Drawing from his extensive conversations with grieving families and injured workers, Roy brings the world of bereaved families into clear focus, helping us understand the short and long-term consequences of death and injury on children, spouses, family and community.
Roy also considers the sociological underpinnings of workplace death---examining the way the words we use to discuss workplace death reveal much about our desire to underestimate and disavow the impact of the losses. By supplanting the phrase “killed at work” for “jobsite accident” we get closer to the real picture of the event and the loss.
Roy concludes his talk with practical advice for managers and owners seeking to mitigate and diminish the impact of workplace death and tragedy on families. Although the subject matter is grim, Roy has a light human touch, which draws his listeners in without guilt, blame or shame. His goal is to educate and enlighten toward safer, healthier work communities.
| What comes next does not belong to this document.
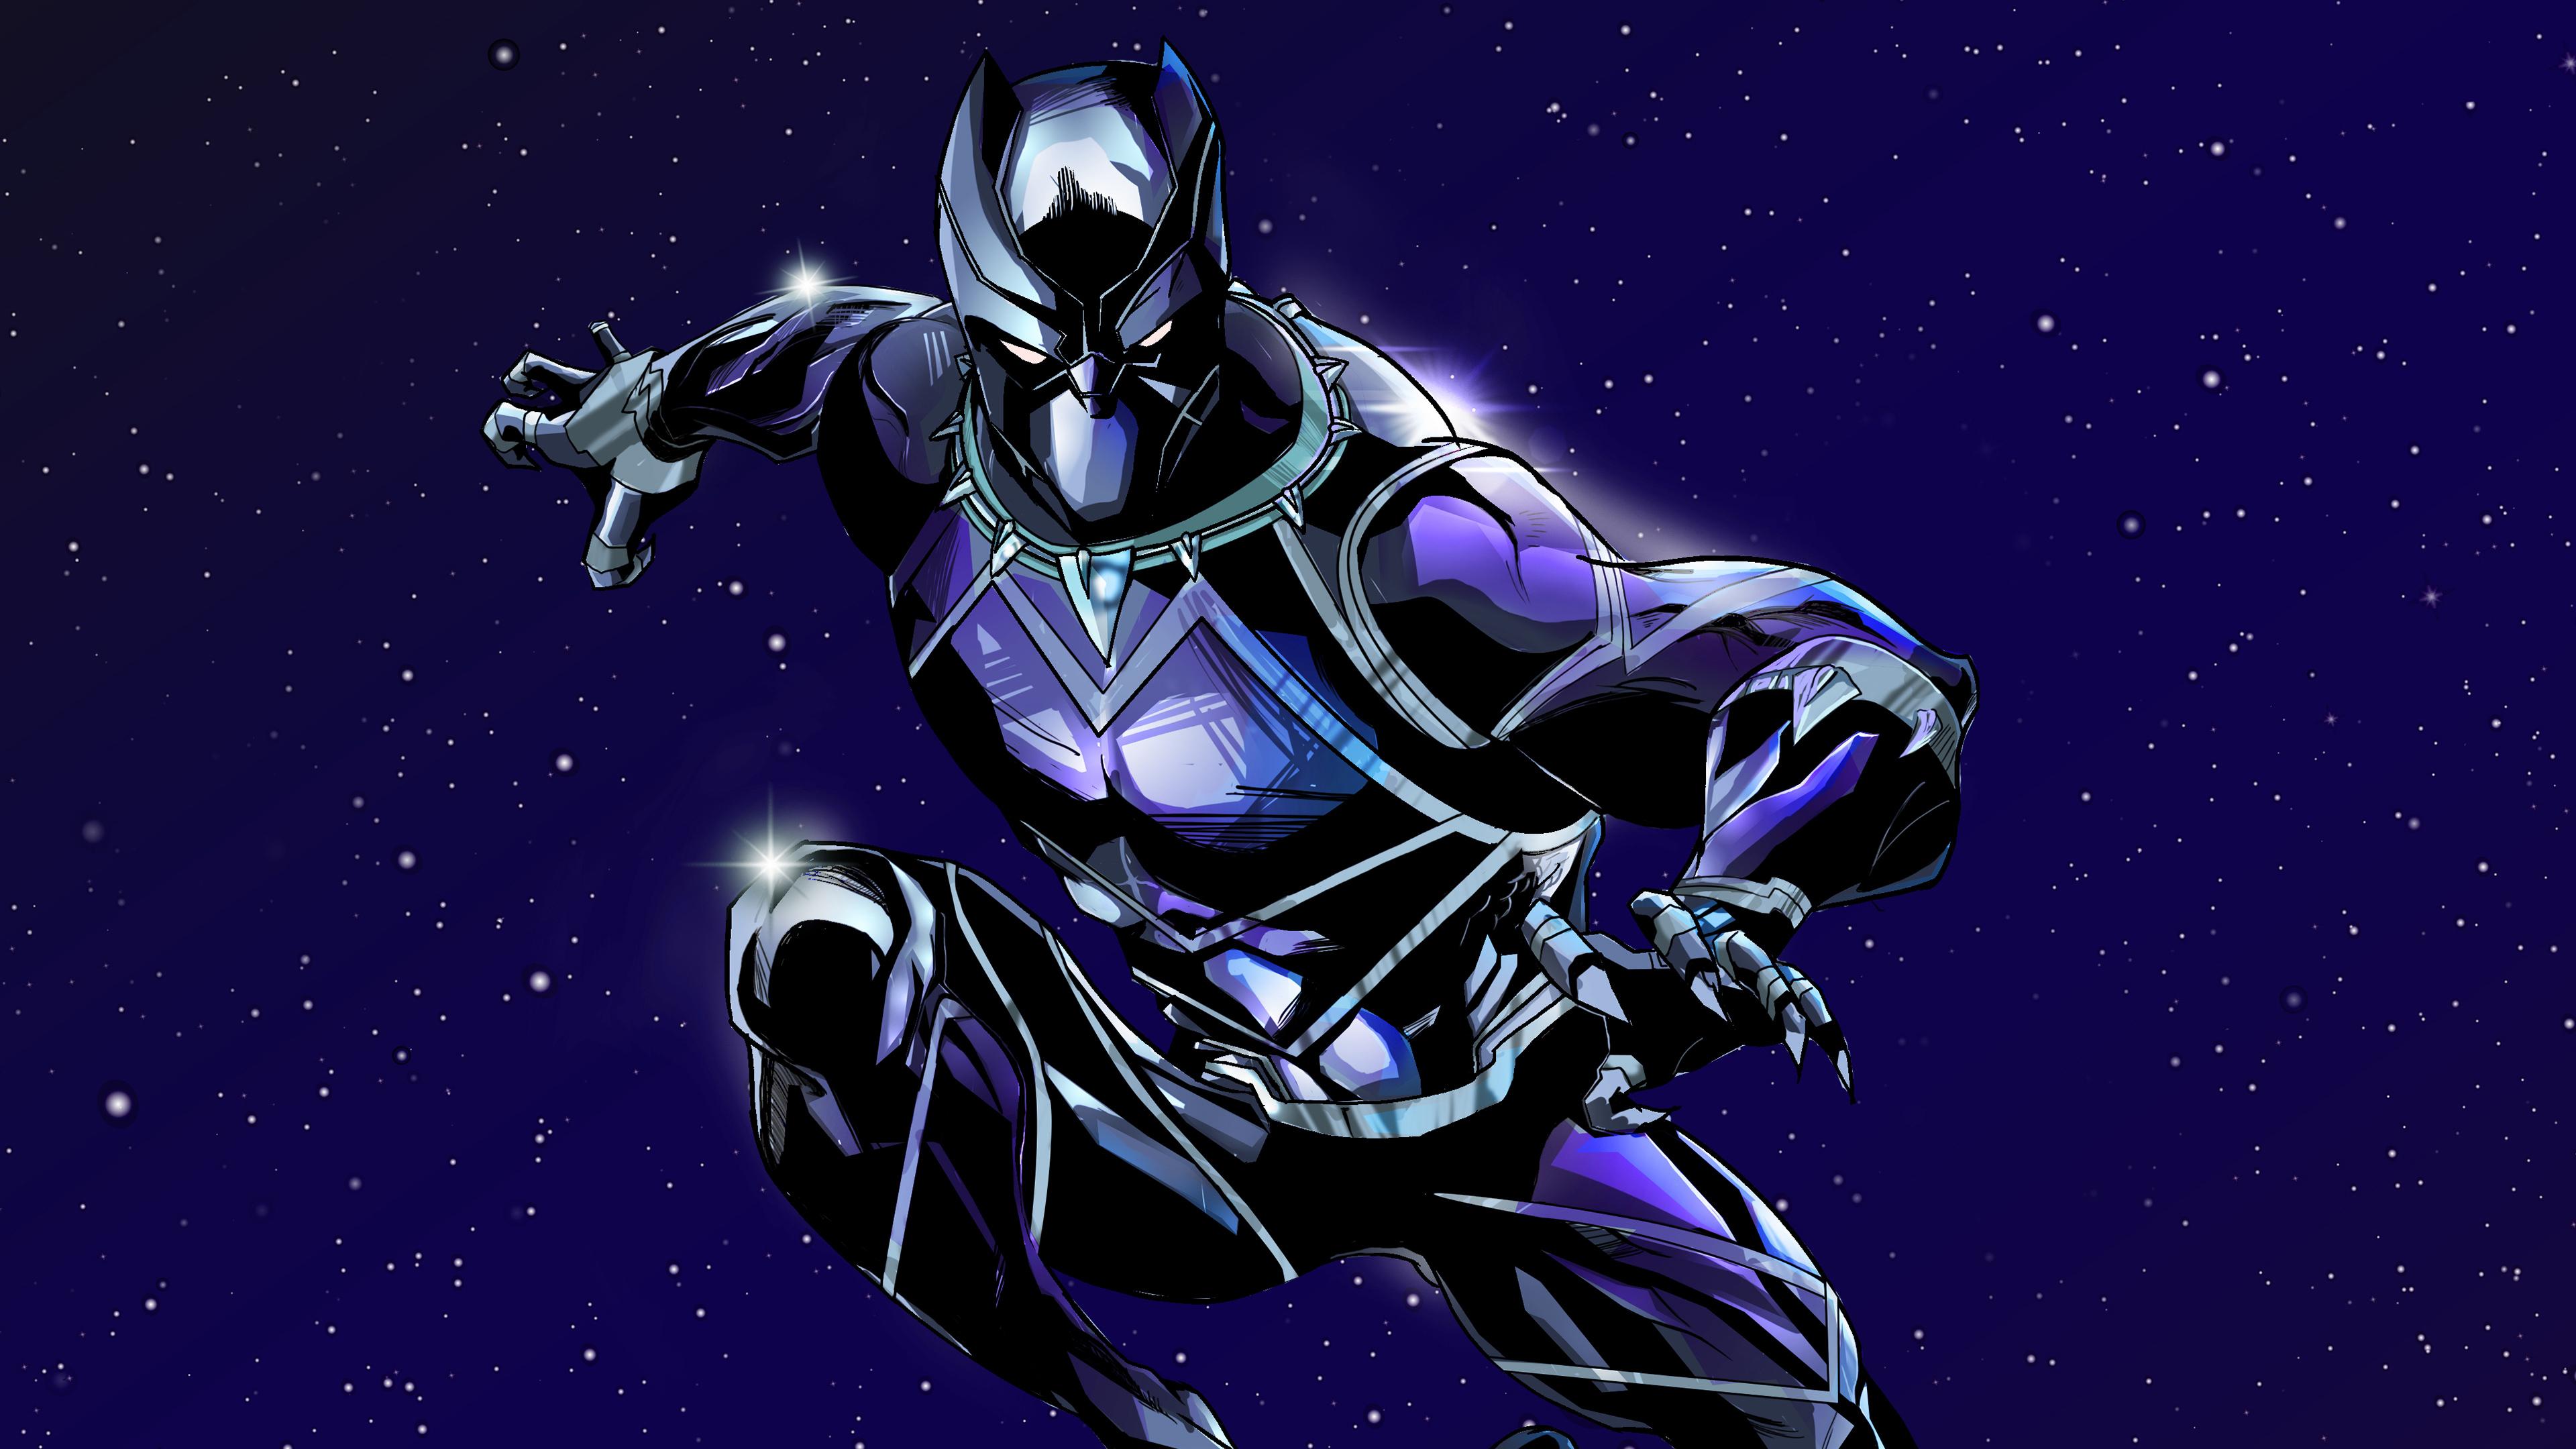 Black Panther 4k New Artwork, HD Superheroes, 4k ...

Suffer the children: how kids grieve and how to help
Children and teens grieve. This we know, and yet there remains in our society an ongoing debate over how they grieve and what is healthy for them to experience.
At the dying bedside, parents and family grapple with questions: should children and teens witness suffering and death up close? Will it traumatize them? How much information about disease, prognosis and the dying process ought we share with our kids? And what will a typical grief process look like in children, adolescents and teens---what should we expect and how can we help?
Sadly, many of the modern debates and myths about adolescent grief serve to obscure the needs of children and teens as they mourn important losses in their lives. What we do know is that children’s levels of anxiety about death and grief are related to whether they are told about the illness and to the quality of the communication with their parents. What children do not know about a loved-one’s death, they will make-up in their minds. Children are saavy, observant and highly curious about dying and death. They are in the circle whether we like it or not.
This presentation offers keen insight into child and teen grief, offering research, anecdote and a broad ranging discussion on socio-cultural factors that both impede and promote healthy responses to death and grief in our kids.